研究の目的は、地域住民の狩猟対象となる哺乳類、主にダイカー類とよばれる小型の偶蹄類(ウシのなかま)の、地域ごとの生息数を明らかにすることだ。ダイカー類は近年の商業的狩猟の高まりによって、個体群の維持が危険視されており、保全当局と地域住民の間の軋轢も強くなってきている。そこで私たちは、科学的方法と地域住民の持つ地域固有の在来知を組み合わせることによって、住民が主体的な管理の担い手となるような、野生動物管理システムを立案しようとしている。

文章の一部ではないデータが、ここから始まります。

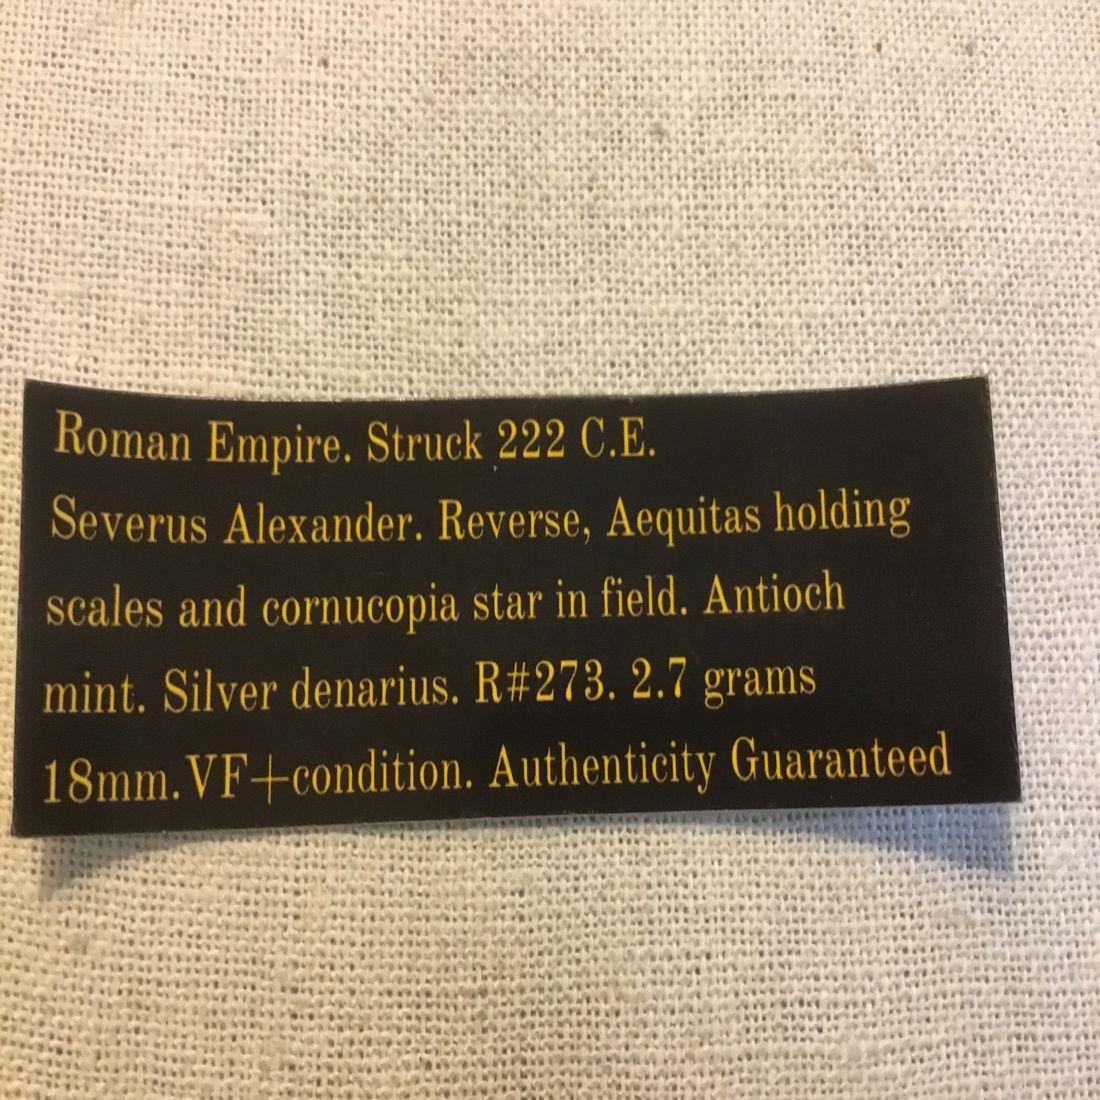 Roman Empire denarius. Severus Alexander 222 C.E. - 4

ダイカー類の生息数を知るために主に私が用いる手法は、自動撮影カメラという、動物が前を通ると自動的にビデオを撮影する機器である。月の半分以上は村で雇った調査助手数名とともに森に入り、キャンプ地を毎日移動しながら、広大な地域に点々とカメラを設置していく。
風呂なし、トイレなし、歯磨きなし。一日の踏査が終わると、歩き続けて汗と土まみれになった身体を、村よりも格段に涼しい森のそよ風に当てて乾かし、ぼろぼろの登山靴を脱ぎ捨てて冷たい川の水で足を洗う。そのうちに、蛍がそこここで明滅をはじめる。調査助手の作ってくれたクスクス(キャッサバの粉を煮えた湯に入れ、杵でついた餅のようなもの)とトマトソースで胃を満たせば、あとは数千の虫の音に囲まれた、心地よい眠りだけが私たちを待っている。生態学調査は、修行であると同時に最高の贅沢でもある。